Hi,
On 2017-04-15 05:18:49 +0200, Petr Jelinek wrote:
> + /*
> + * c) we already seen the xl_running_xacts and tried to do the above.
> + * However because of race condition in LogStandbySnapshot() there might
> + * have been transaction reported as running but in reality has already
> + * written commit record before the xl_running_xacts so decoding has
> + * missed it. We now see xl_running_xacts that suggests all transactions
> + * from the original one were closed but the consistent state wasn't
> + * reached which means the race condition has indeed happened.
> + *
> + * Start tracking again as if this was the first xl_running_xacts we've
> + * seen, with the advantage that because decoding was already running,
> + * any transactions committed before the xl_running_xacts record will be
> + * known to us so we won't hit with the same issue again.
> + */
Unfortunately I don't think that's true, as coded. You're using
information about committed transactions:
> + else if (TransactionIdFollows(running->oldestRunningXid,
> + builder->running.xmax))
> + {
> + int off;
> +
> + SnapBuildStartXactTracking(builder, running);
> +
> /*
> + * Nark any transactions that are known to have committed before the
> + * xl_running_xacts as finished to avoid the race condition in
> + * LogStandbySnapshot().
> *
> + * We can use SnapBuildEndTxn directly as it only does the
> + * transaction running check and handling without any additional
> + * side effects.
> */
> + for (off = 0; off < builder->committed.xcnt; off++)

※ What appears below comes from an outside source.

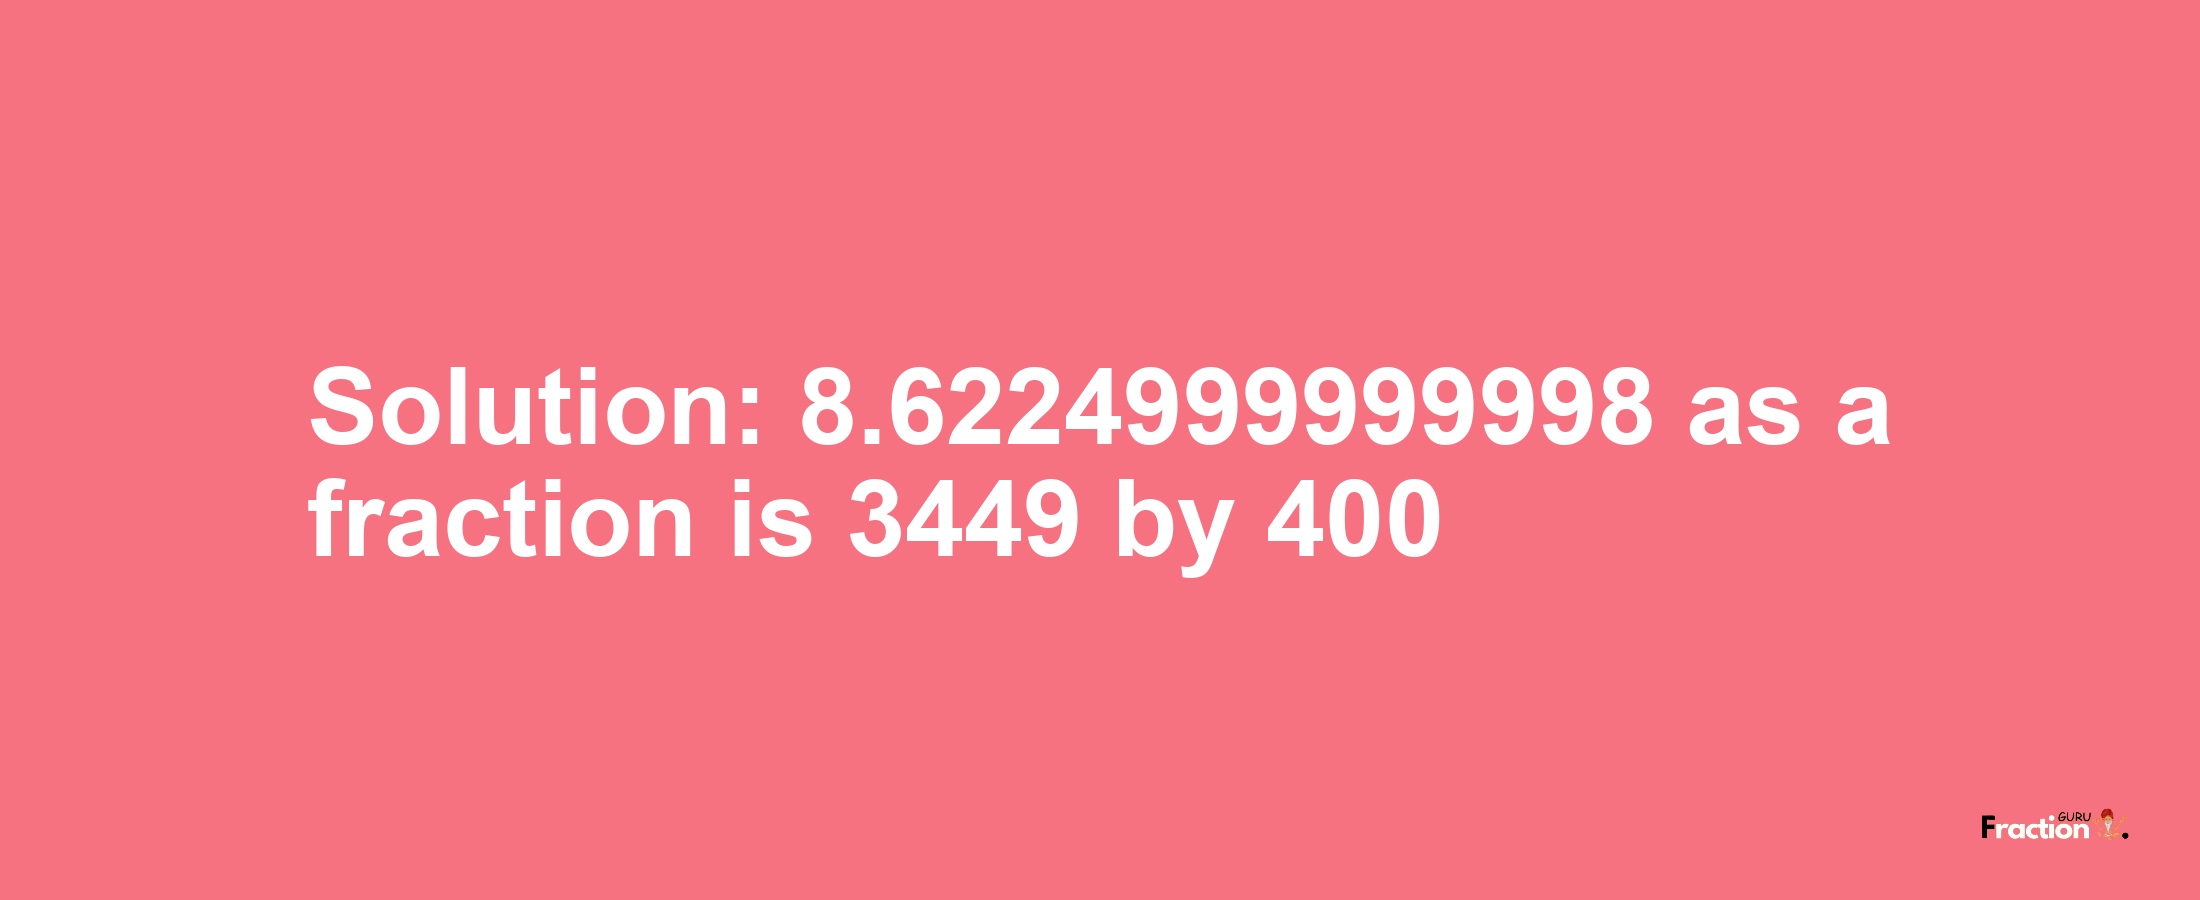 Solution:8.6224999999998 as a fraction is 3449/400

> + SnapBuildEndTxn(builder, lsn, builder->committed.xip[off]);
but a transaction might just have *aborted* before the new snapshot, no?
Since we don't keep track of those, I don't think this guarantees anything?
ISTM, we need a xip_status array in SnapBuild->running. Then, whenever
a xl_running_xacts is encountered while builder->running.xcnt > 0, loop
for i in 0 .. xcnt_space, and end SnapBuildEndTxn() if xip_status[i] but
the xid is not xl_running_xacts? Does that make sense?
- Andres